The value for me as a reader is that I don’t life my life in just a short story. My life takes place over many years. So a story that covers a key change point in life may be helpful and encouraging within its limited scope. But a story timeline that covers an entire life or a significant number of years in that life, gives insight into how things in life can and do build on each other, how we grow, change, develop.
There’s also something comforting and familiar about reading a series of books about the same characters. Or watching several movies or a TV series featuring the same ensemble cast. Because instead of having to get to know and understand all new characters, we get to dive deeper into the lives of the characters we already know. And we see them develop.
To be sure, there are TV series were the characters change very little from the first episode to the last, seasons later. That’s not what I’m talking about. I’m talking about storytelling that mimics real life and in real life, people change over time.
While in many ways I’m the same person I was when I was 20, in many other ways, I’m not when I’m 40 or even 60. I have so much more experience of life (happy and sad). Even time itself appears different. At 20, a year makes a huge difference. At 60, the years seem to go by rather quickly any more.
We make better and more successful choices in life when we play things forward, rather than just thinking of what the choice in front of me will accomplish in the next few minutes or days. If I do this today, what effect will that have on my life 5 years from now? In 10 years?
Stories can engage, entertain and encourage us. They can also allow us to explore scenarios we might never find ourselves in in real life. By exploring them in stories, we learn more about ourselves and our place in the bigger world. In the process, we become better equipped to deal with that big world we’re in.
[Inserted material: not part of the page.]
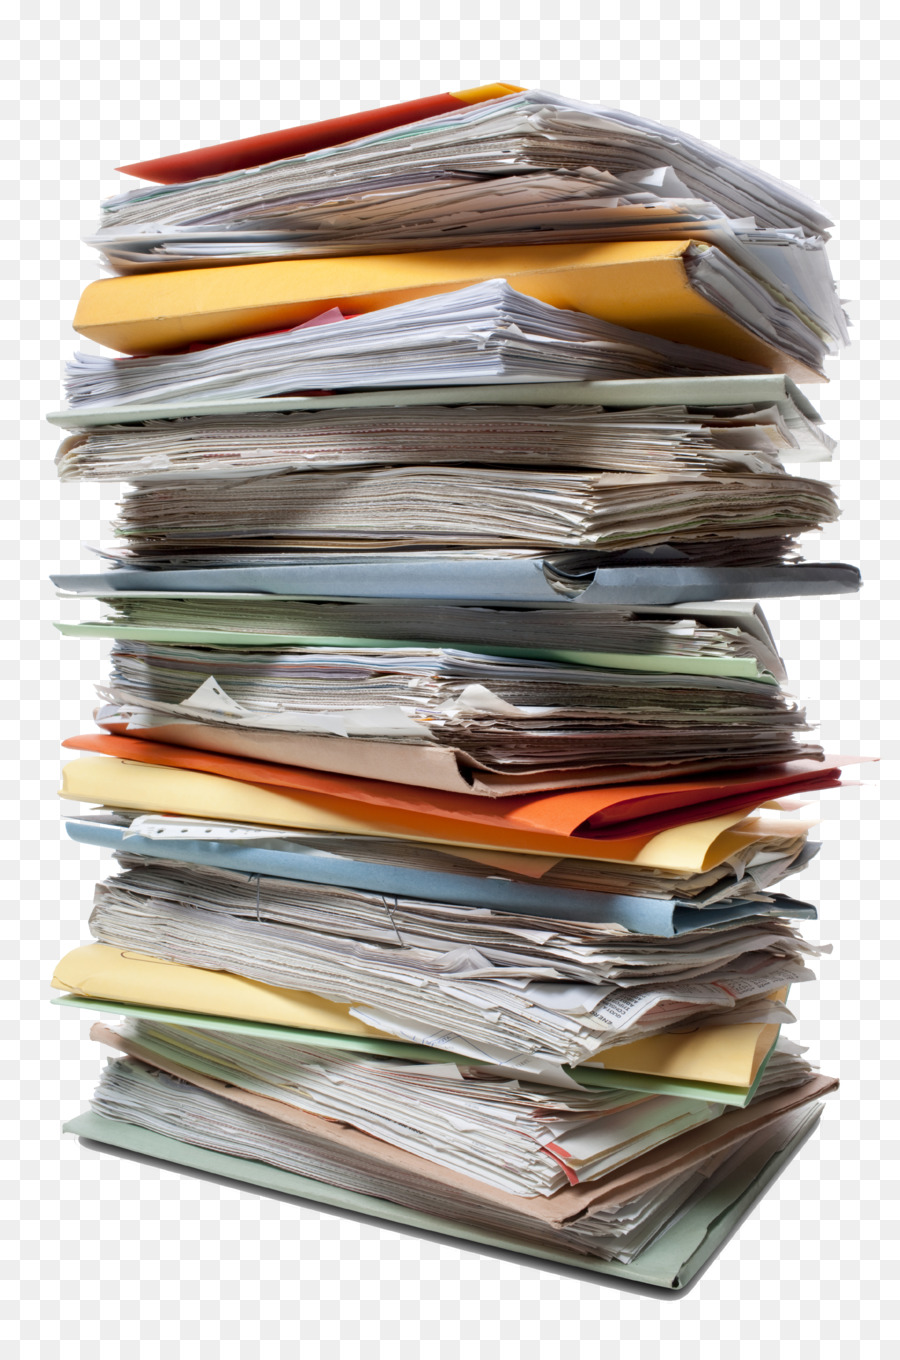 Paper Stack Document Clip art - Pile png download - 1811*2714 - Free Transparent Paper png Download.

If you haven’t read a series of books following the same characters over a long period of time, or watched a movie, series of movies or TV series built on a long timeline, try it. You might find that the characters in the stories become like old friends and you look forward to finding out what happened next.
In addition to the books and TV shows I mentioned already, here are a few more:
When Harry met Sally
A 12 year on and off, but mostly off, romance that definitely qualifies in this category.
It sticks with us precisely because it took “forever” for Harry and Sally to finally get together.
Winds of War & War and Remembrance
This epic masterpiece follows an American family from before World War II, through the war in Europe, Africa and the Pacific, all the way to peace at last and attempts at finding a new normal for those who survived.
Before Sunrise, Before Sunset, Before Midnight
(1995, 2004, 2013)
This movie trilogy follows Celine and Jesse from a chance encounter on a train to Vienna, through a reconnect in Paris 9 years later, to yet another 9 years later as the couple works on figuring out who and what they’ve become and where to go from here.
At the end of the third movie, I found myself seriously hoping that there will be another installment of their story come 2022.